GCC has grown too big and intertwined. This has made learning curves steeper, raised barriers of entry for new developers, and made the compiler harder to test, debug and understand.
We need to make the compiler more modular, introduce strong APIs, reduce global state, build and test components separately, add unit tests for components, and generally make the compiler a collection of distinct components with well defined interfaces and behaviour.
Include files and Makefile dependencies
One problem with modularization of GCC, is that there is a spaghetti web of included files. There are many C and header files that include other header files to pick up one declaration from the included header in some cases, or for no reason at all in some other cases. The dependencies between the files are most obviously identified by looking at the headers included by a .c implementation file. The makefile rules in Makefile.in and in the target make rules are also very helpful.

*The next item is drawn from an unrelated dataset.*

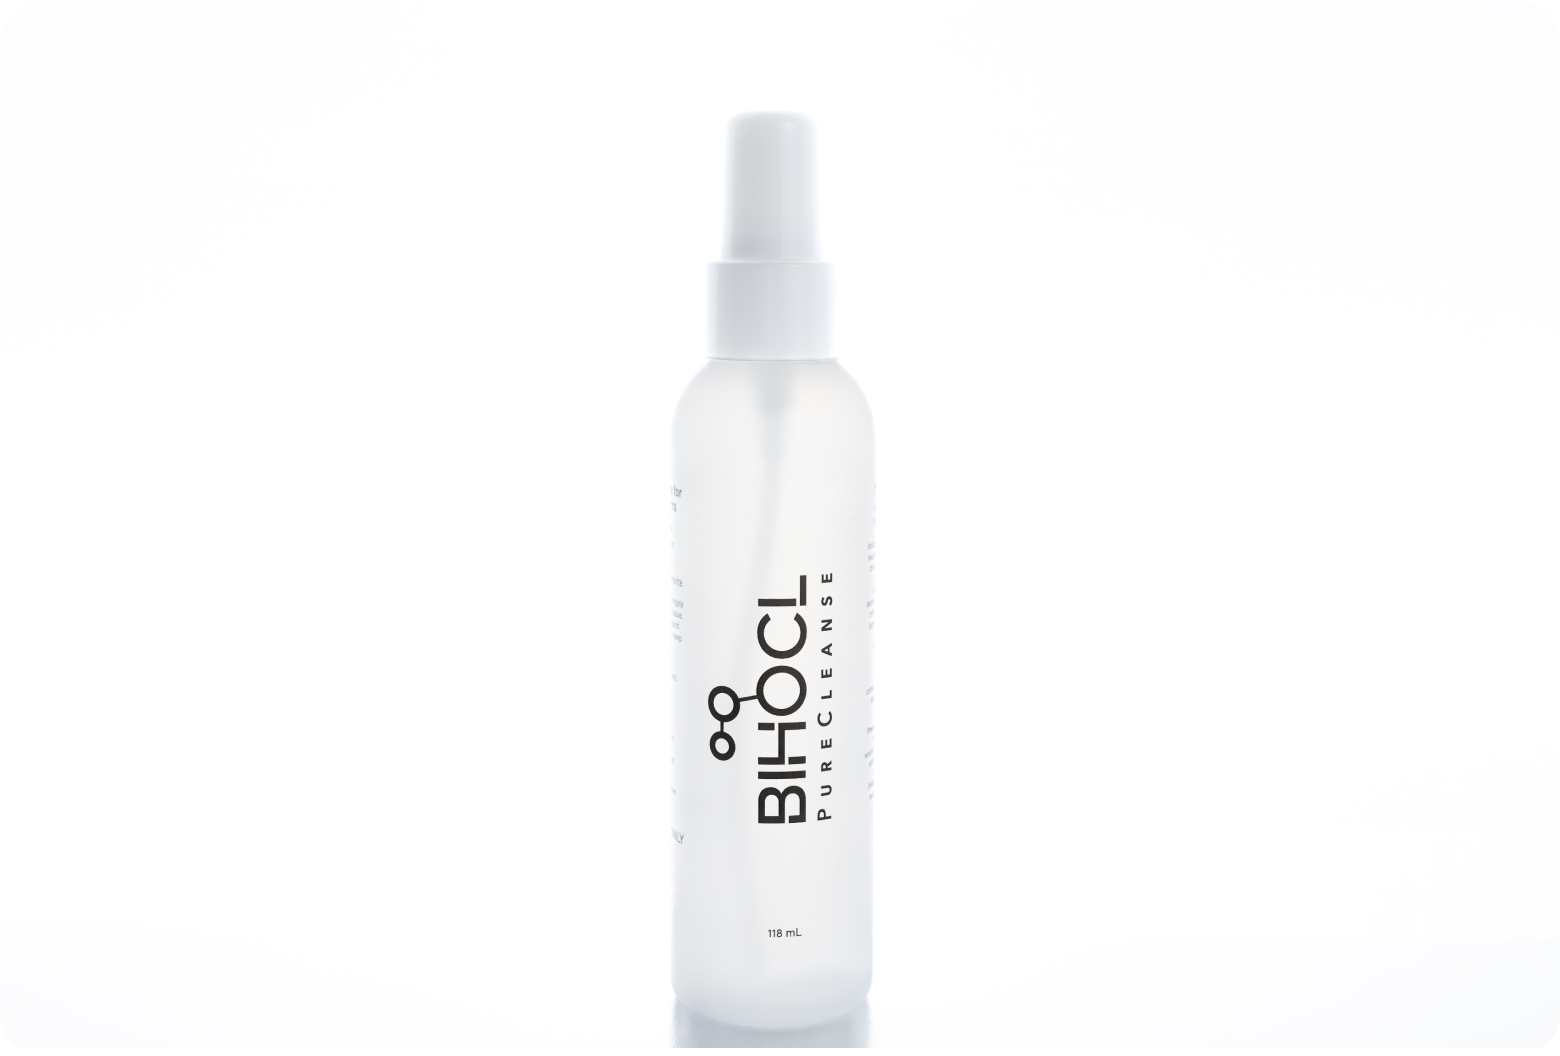 BIHOCL PureCleanse wound cleanser on a white background

Very often, the reason for including files in a C source file can be traced back to the initial commit of a new file, indicating that the file was created as a copy of another file, implementing something else and perhaps needing the header. If the new file implements something for which the included header is not required, this is usually not cleaned up or even noticed.
An example of this is output.h, which used to be included in many front-end files. This is an unwanted dependency, because the functions made available by including output.h are used to write out assembler instructions, which front ends should not be doing anymore: A front end should do parsing, semantics, gimplification, and hand off one or more translation units to cgraphunit.c, one unit at a time.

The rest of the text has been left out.